The financial information for the six months ended 30 June 2014 included in this condensed interim report comprises the consolidated statement of comprehensive income, the consolidated statement of financial position, the consolidated statement of cash flows, the consolidated statement of changes in equity and the related notes. 

 

These interim financial statements have not been audited nor have they been reviewed by the auditors under ISRE 2410 of the Auditing Practices Board.  The financial information set out in this report does not constitute statutory accounts as defined by the Companies Act 2006.  The comparative figures for the year ended 31 December 2013 were derived from the statutory accounts for that year which have been delivered to the Registrar of Companies.
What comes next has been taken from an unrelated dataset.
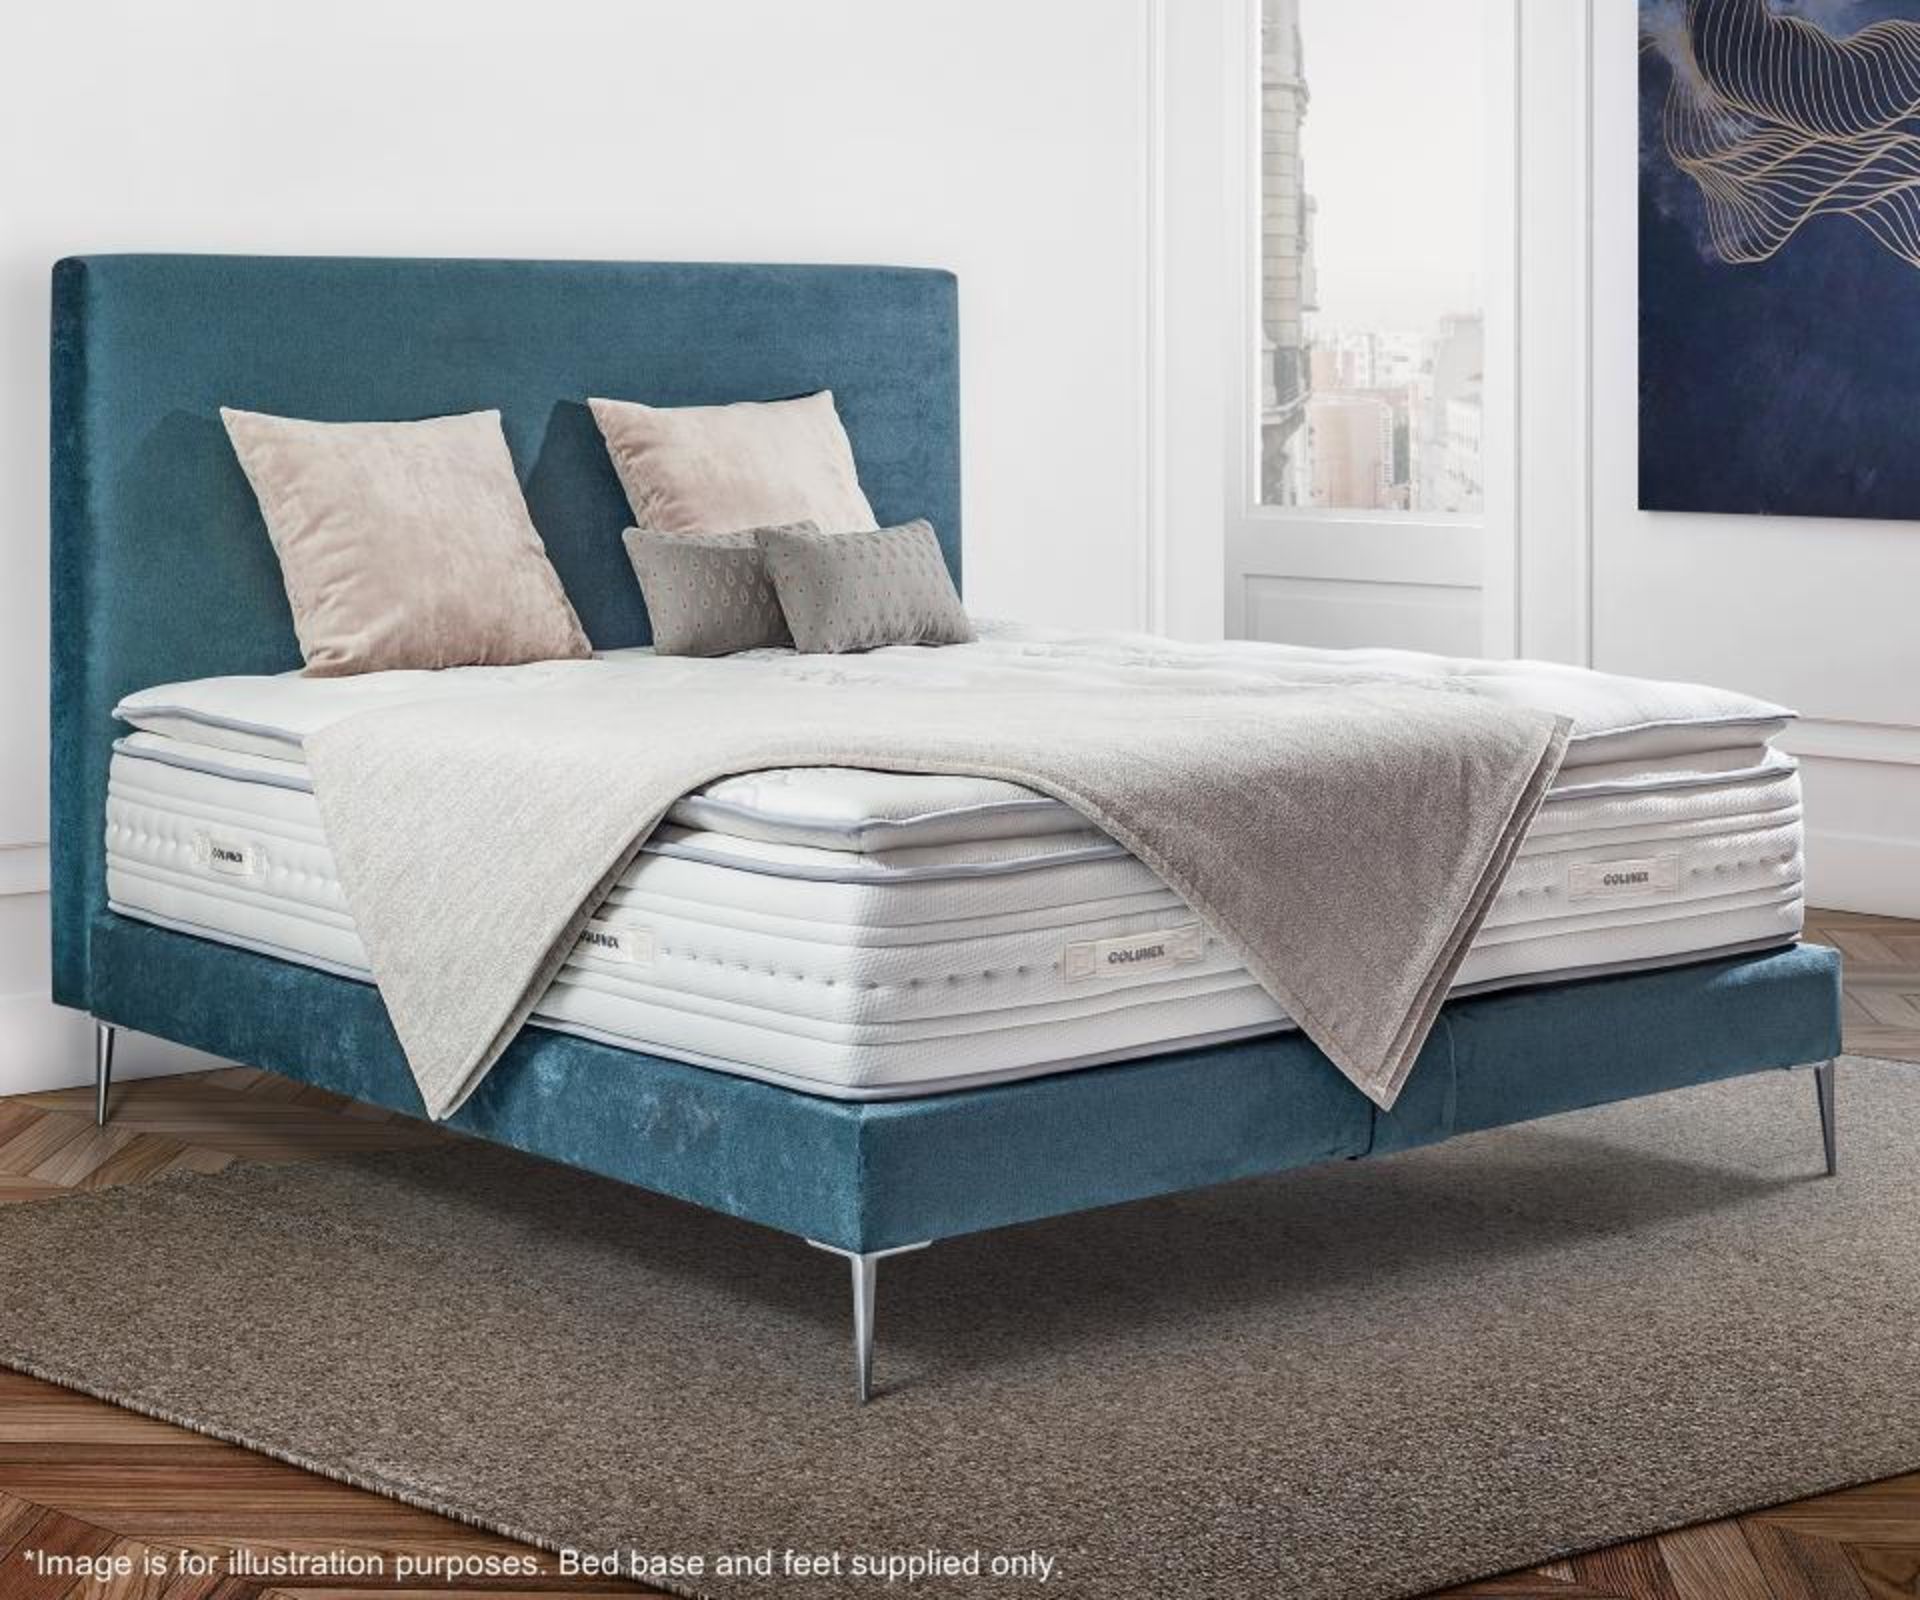 1 x Colunex 'Easy' Kingsize Bed Base - Upholstered In Grey Leather With Stylish Metal Feet - Dimensi

Those accounts received an unqualified audit report which did not contain statements under sections 498(2) or (3) (accounting records or returns inadequate, accounts not agreeing with records and returns or failure to obtain necessary information and explanations) of the Companies Act 2006.

 

The interim financial statements have been prepared on the basis of the accounting policies set out in the December 2013 financial statements of Dillistone Group Plc and on a going concern basis.  They are presented in sterling which is also the functional currency of the parent company.  They do not include all of the information required in annual financial statements in accordance with IFRS and should be read in conjunction with the consolidated financial statements of the Group for the year ended 31 December 2013.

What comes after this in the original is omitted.